In total, 322 students were randomized, and 267 completed the online survey (83% response rate). Of those who completed the survey, 53% of early third-year students (n=134) and 52% of advanced third-year students (n=133) were in the cost exposure group. Among both early and advanced third-year students, those in the cost exposure group selected significantly less intensive and less costly screening strategies for publicly funded programs compared with those in the control group (p<0.005); strategies they would choose for an individual patient, however, were not affected by cost exposure (Figure). When stratified by cohort, we found similar results (data not shown).

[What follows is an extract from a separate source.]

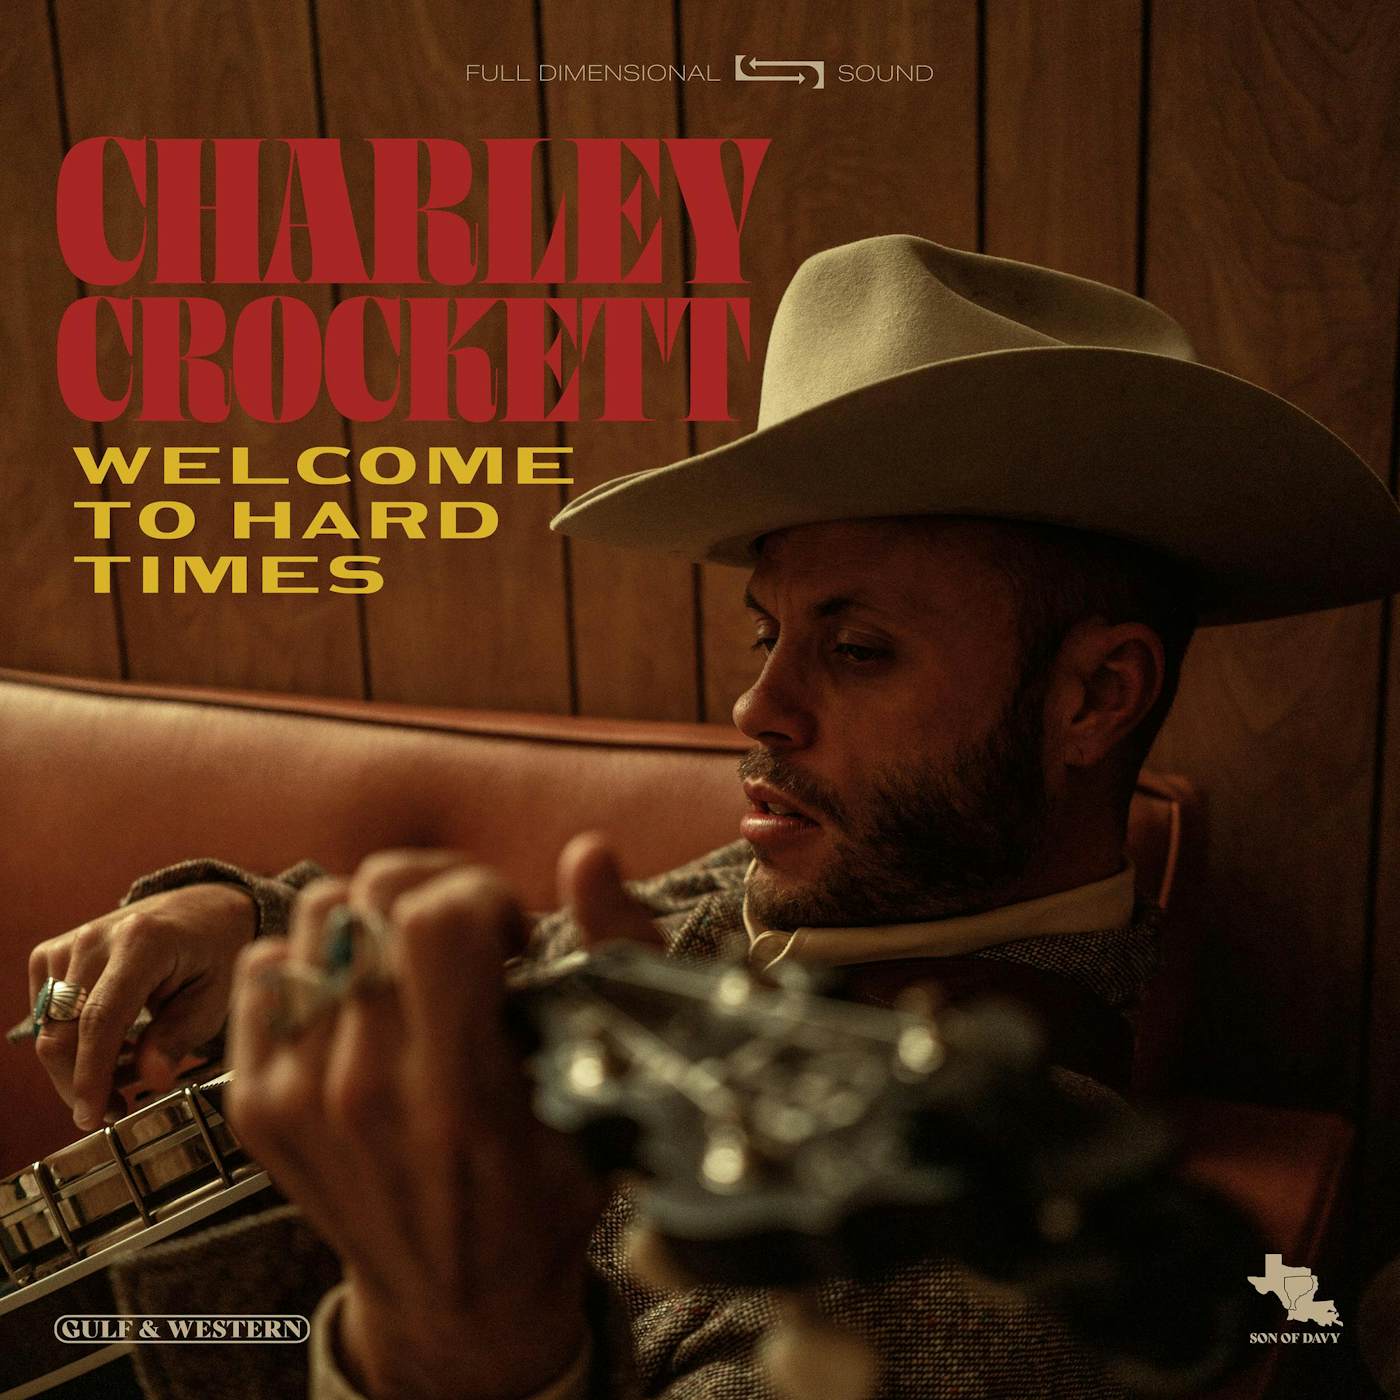 Charley Crockett Welcome to Hard Times Vinyl Record

Students tend to weigh cost considerations more heavily when making decisions about populations, rather than individual hypothetical patients. Our findings are consistent with literature on the variable impacts of passive cost exposure on physicians’ ordering behavior, emphasizing the complexity of incorporating costs in individual patient care. We suggest that it may be easier for students to relate cost considerations to populations, and initial curricular activities be framed from this perspective; building on this foundation, subsequent high value care activities can focus on individual patient care. Moreover, ethical tensions may arise when moving between individual patient and population perspectives, and curricula may need to incorporate an explicit discussion of these tensions.

Implications for the Patient

High-value care curricula will need to bridge the gap between cost consciousness at the population and individual levels, assuring that students are able to translate public health cost considerations directly into patient care.